BURNT CHURCH, N.B. -- A family in northern New Brunswick, who lost their daughter to homicide, has now lost their home in a fire. But one special item was saved.

On the night of June 26, fire ripped through a house in Burnt Church, N.B., destroying the home where Hilary Bonnell grew up. The 16-year-old Esgenoopetitj First Nation woman was murdered in 2009. Her cousin is now serving a life sentence for her death.

Bonnell's 14-year-old brother was the only one home when the fire started. He made it out OK and the family prayed their daughter’s ashes would make it out as well.

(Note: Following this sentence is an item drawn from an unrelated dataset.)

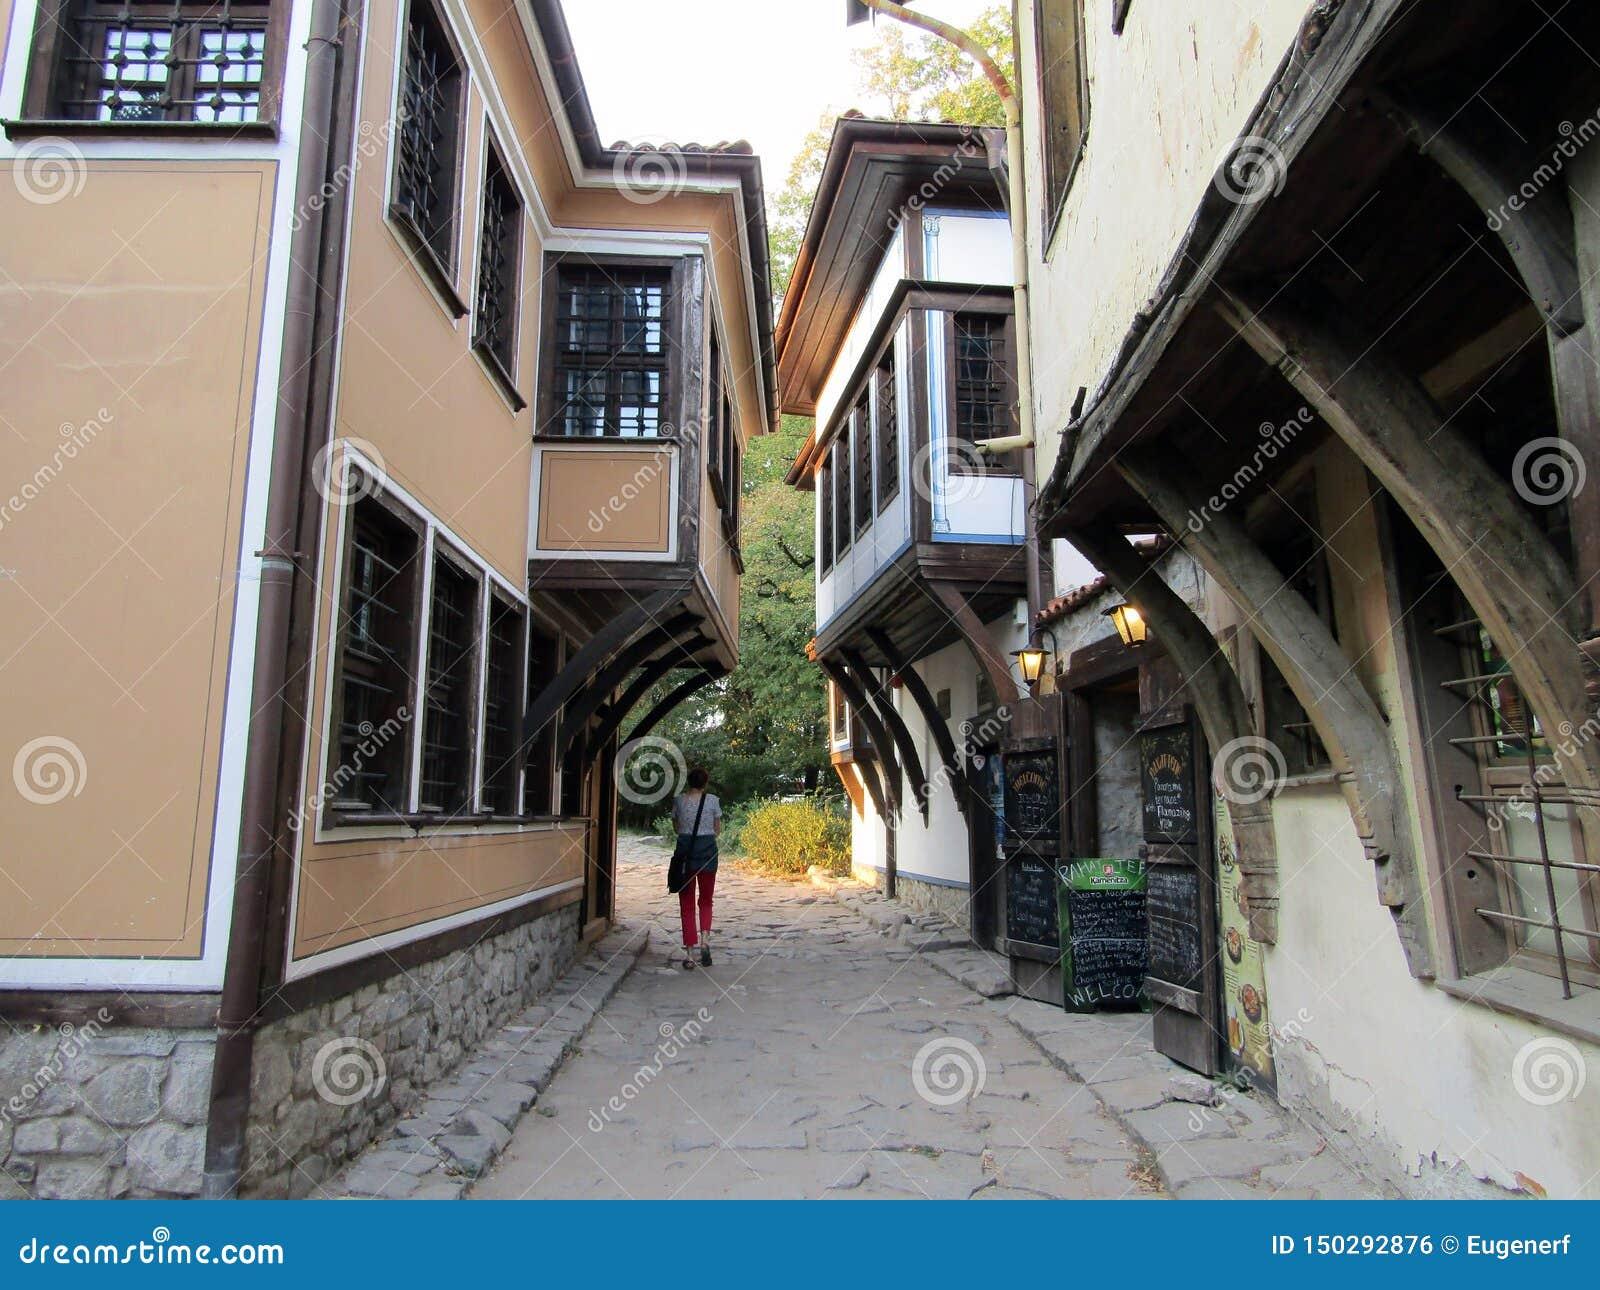 Old town narrow street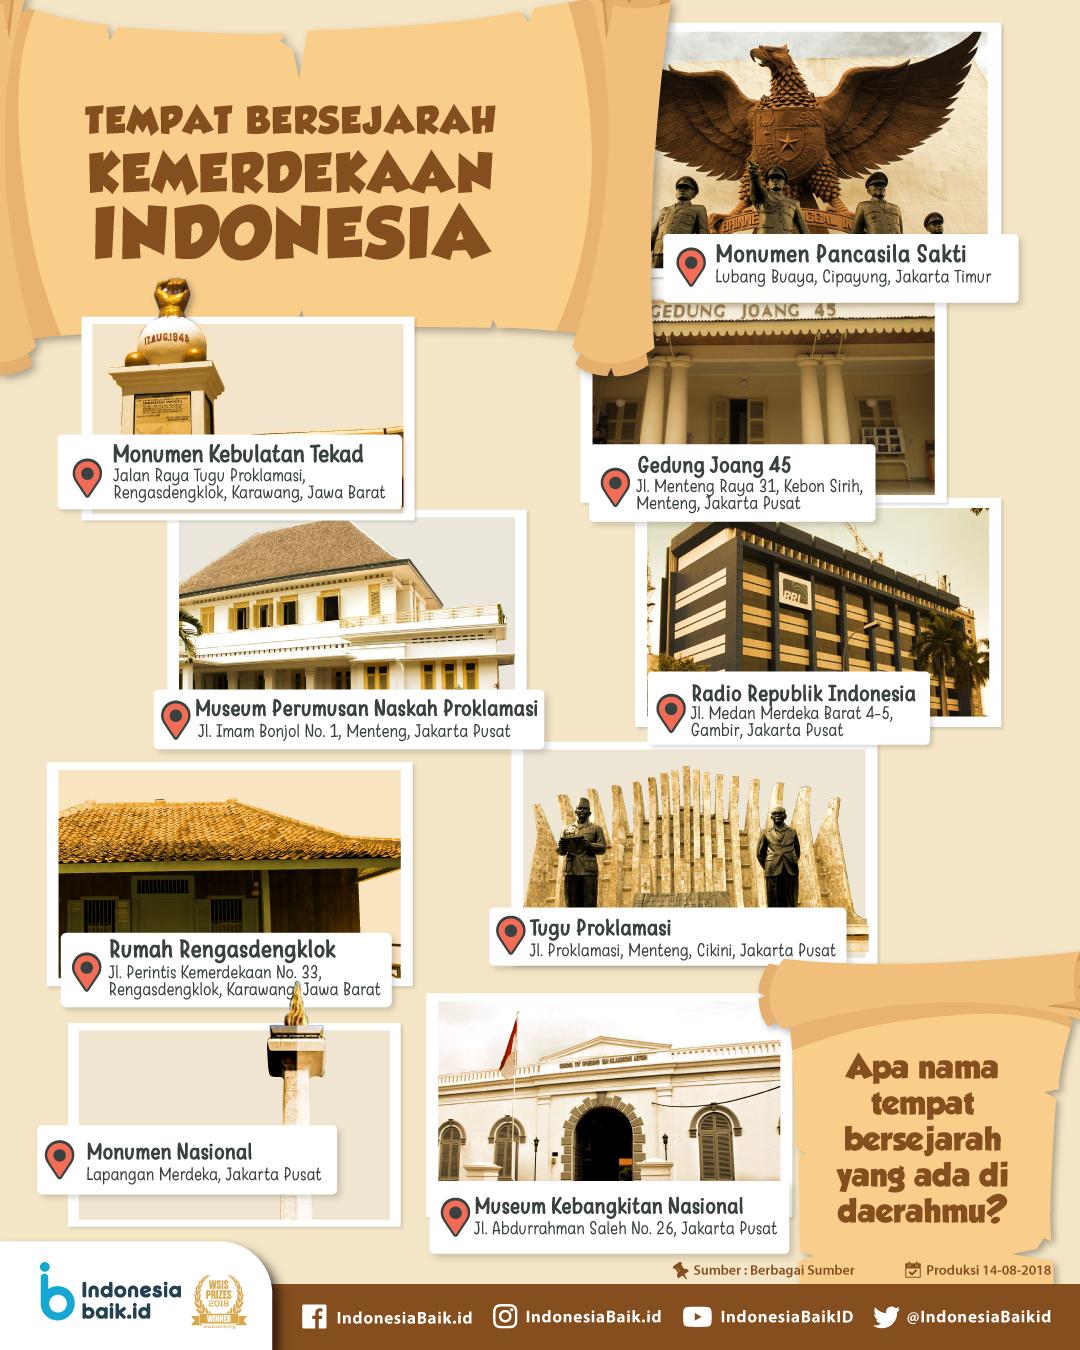 Tempat Bersejarah Kemerdekaan Indonesia  Indonesia Baik

“I had told the fireman that my daughter's ashes were in there and that if they could save anything, that's what I wanted them to really try their hardest to get to,” says Pamela Fillier, Bonnell’s mother.

Bonnell’s ashes were one of the few things that made it out unharmed.

“He went inside and he said when he found her ashes, he said it was like there was no fire around it at all. So for me that makes me feel like she protected herself,” says Fillier.

The family is now staying in a nearby hotel and Bonnell's step-aunt, Tracy Saunders, has started a GoFundMe page to help get the family back on their feet.

“They've just been through so much tragedy in their lives. I mean, I couldn’t imagine losing a child and you’ll never recover from that. Plus, now losing their home, Freddy and Pam helping to raise their grandchildren, it’s a lot for them,” says Saunders.

Fillier says the retrieval of her daughter's ashes was the light at the end of a very dark tunnel.

“If he wouldn’t have been able to get her ashes out, it would’ve been like losing her all over again,” she says.